Organic luminescent compounds have been extensively studied for use as imaging, sensing, and electroluminescent materials. To enable practical applications, the control of quantum efficiencies of photoluminescence as well as absorption and luminescence wavelengths is of utmost importance. However, in contrast to the fact that absorption and luminescence wavelengths may be predicted by high-level computer simulations of molecular orbitals, the prediction of photoluminescence quantum yield remains difficult. This is because many factors complicatedly affect the quantum yield, including molecular rigidity, probability of inter-system crossing, and relaxation and electronic states of the photoexcited molecules. Metallole is a derivative of cyclopentadiene whose sp³ carbon atom is replaced by an inorganic heteroatom [1]. Silole and germole, two metalloles whose heteroatoms are Si and Ge, respectively, are known to possess low LUMO energy levels owing to the strong interaction between the π* orbital of cyclopentadiene and the σ* orbital of Si [2] and Ge [3] atoms (Figure 1). Aromatic ring-fused silole and germole, dithienosilole (DTS) and dithienogermole (DTG), respectively, are of particular interest because they usually show high photoluminescence quantum yields owing to the fact that they have sufficient rigidity to reduce the nonradiative deactivation of the photoexcited states [4]. Another important aspect of the DTS and DTG scaffolds is the extensibility by using such groups as aryl [5] and polysilsesquioxanes (PSQ) [6]; their optical properties including the quantum yields can be significantly modulated by substituents that can be readily introduced at the reactive α-positions of the thiophene rings. Meanwhile, with the aid of π-π stacking, DTG derivatives were reported to form a helical assembly that revealed switchable circularly polarized luminescence (CPL) [7]. Therefore, DTS and DTG are promising molecular units for the development of fluorescent materials such as fluorescent biomarkers [8], gas sensors [9], and functional dyes [10]. However, the effect of the substituent on the quantum yield is generally unpredictable because of the complexity of the deactivation mechanism that has many possible pathways, as mentioned above, and hence it has been indispensable to perform experiments by trial and error to achieve the desired fluorescence.

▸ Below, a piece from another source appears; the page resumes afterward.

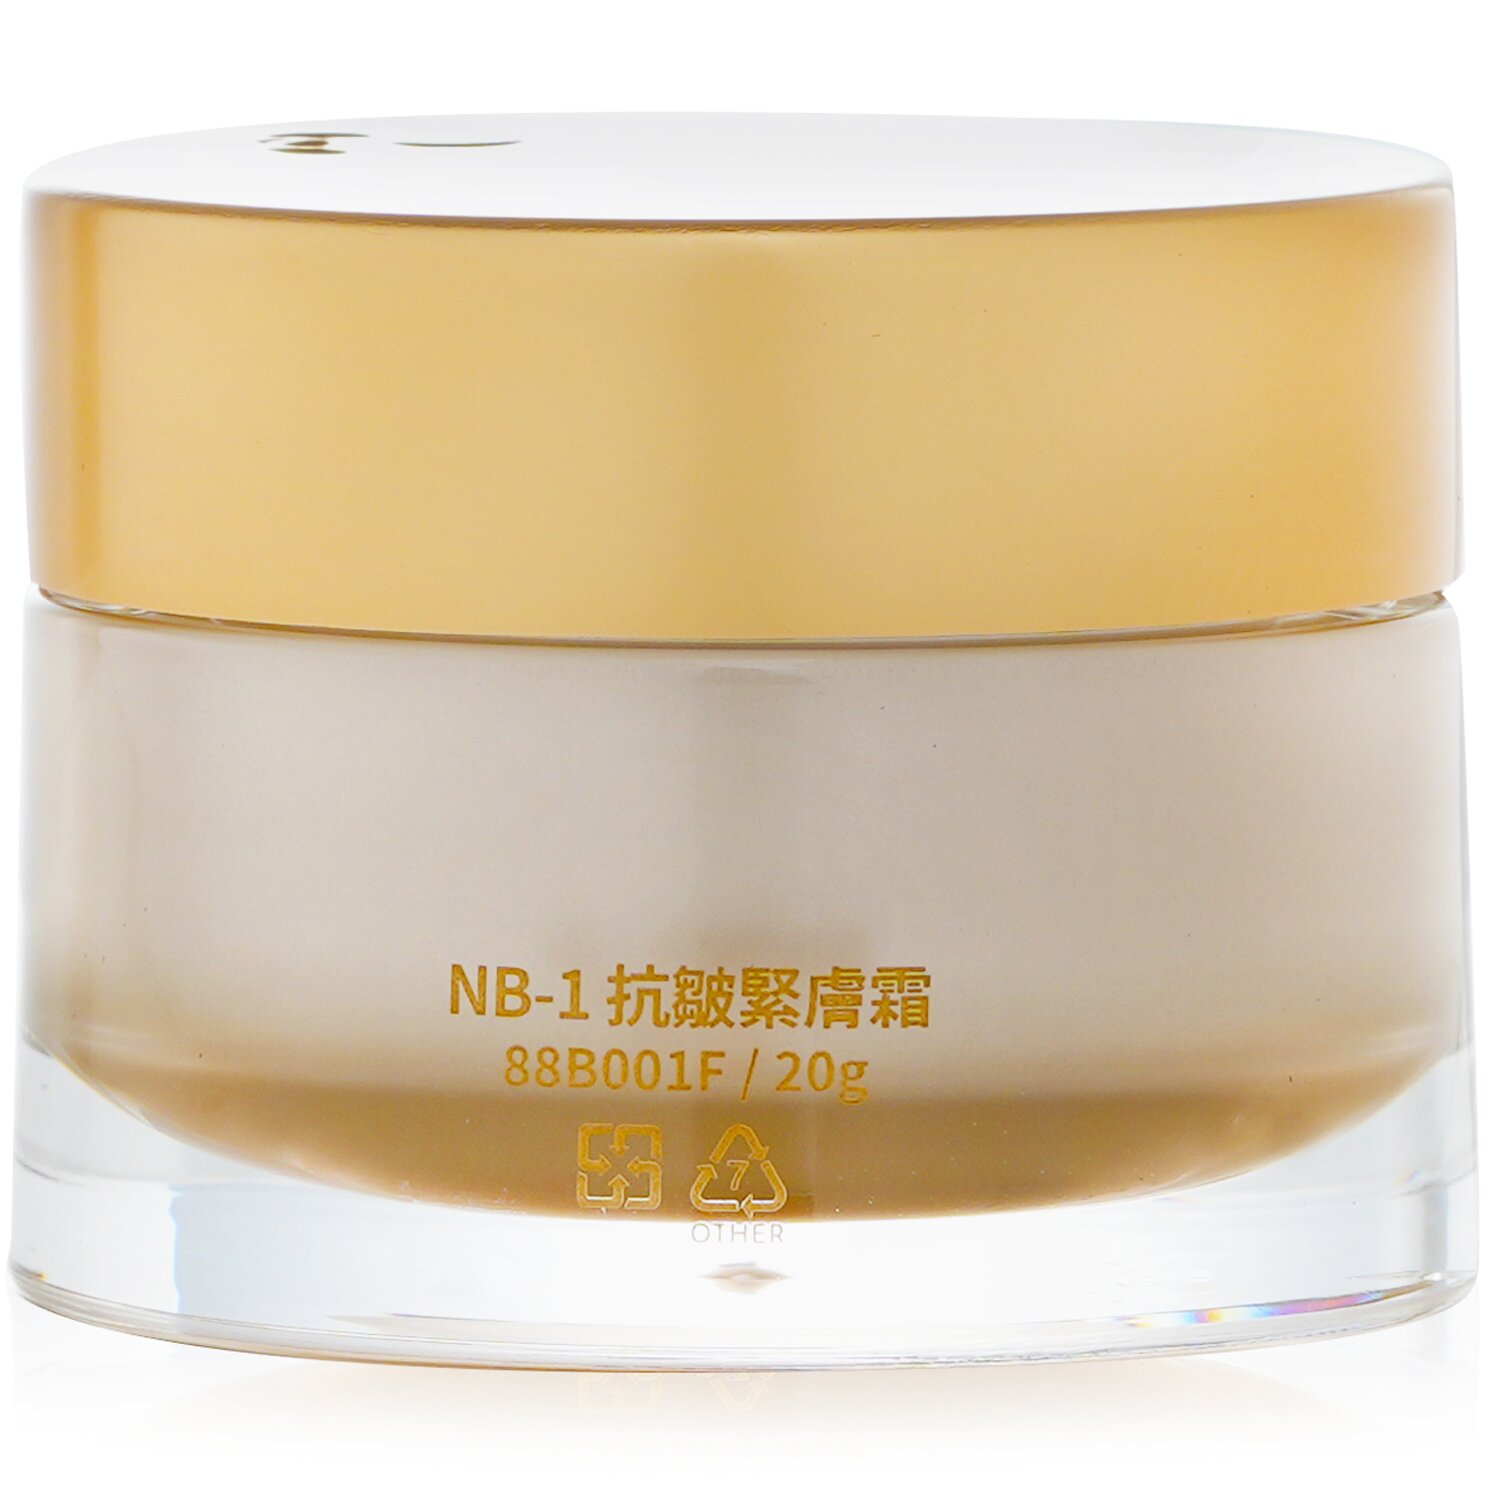 Natural Beauty NB-1 Ultime Restoration NB-1 Anti-Wrinkle Firming Creme 20g/0.65oz

Machine learning (ML) techniques have been increasingly utilized in recent years with the aim of reducing the enormous number of trial-and-error attempts in materials development [11]. The most common use of ML is to search for candidate materials/molecules with given properties by predicting the properties of unknown samples using data obtained through trial and error in the past for training the prediction model. Although the usefulness of such ML predictions has been verified even for the photoluminescence quantum yield in a previous study [12], to our knowledge, there are few reports of practical use in the field of organic synthesis of fluorescent materials [13,14]. With the recent expansion of open-source libraries related to computational science, the bar has been dramatically lowered for the implementation of ML for a specific purpose, and thus even non-specialists in computational science can easily familiarize themselves with ML. Therefore, we aimed to test its practicality in the field of organic synthesis by running a cycle of prediction, synthesis, and model reconstruction.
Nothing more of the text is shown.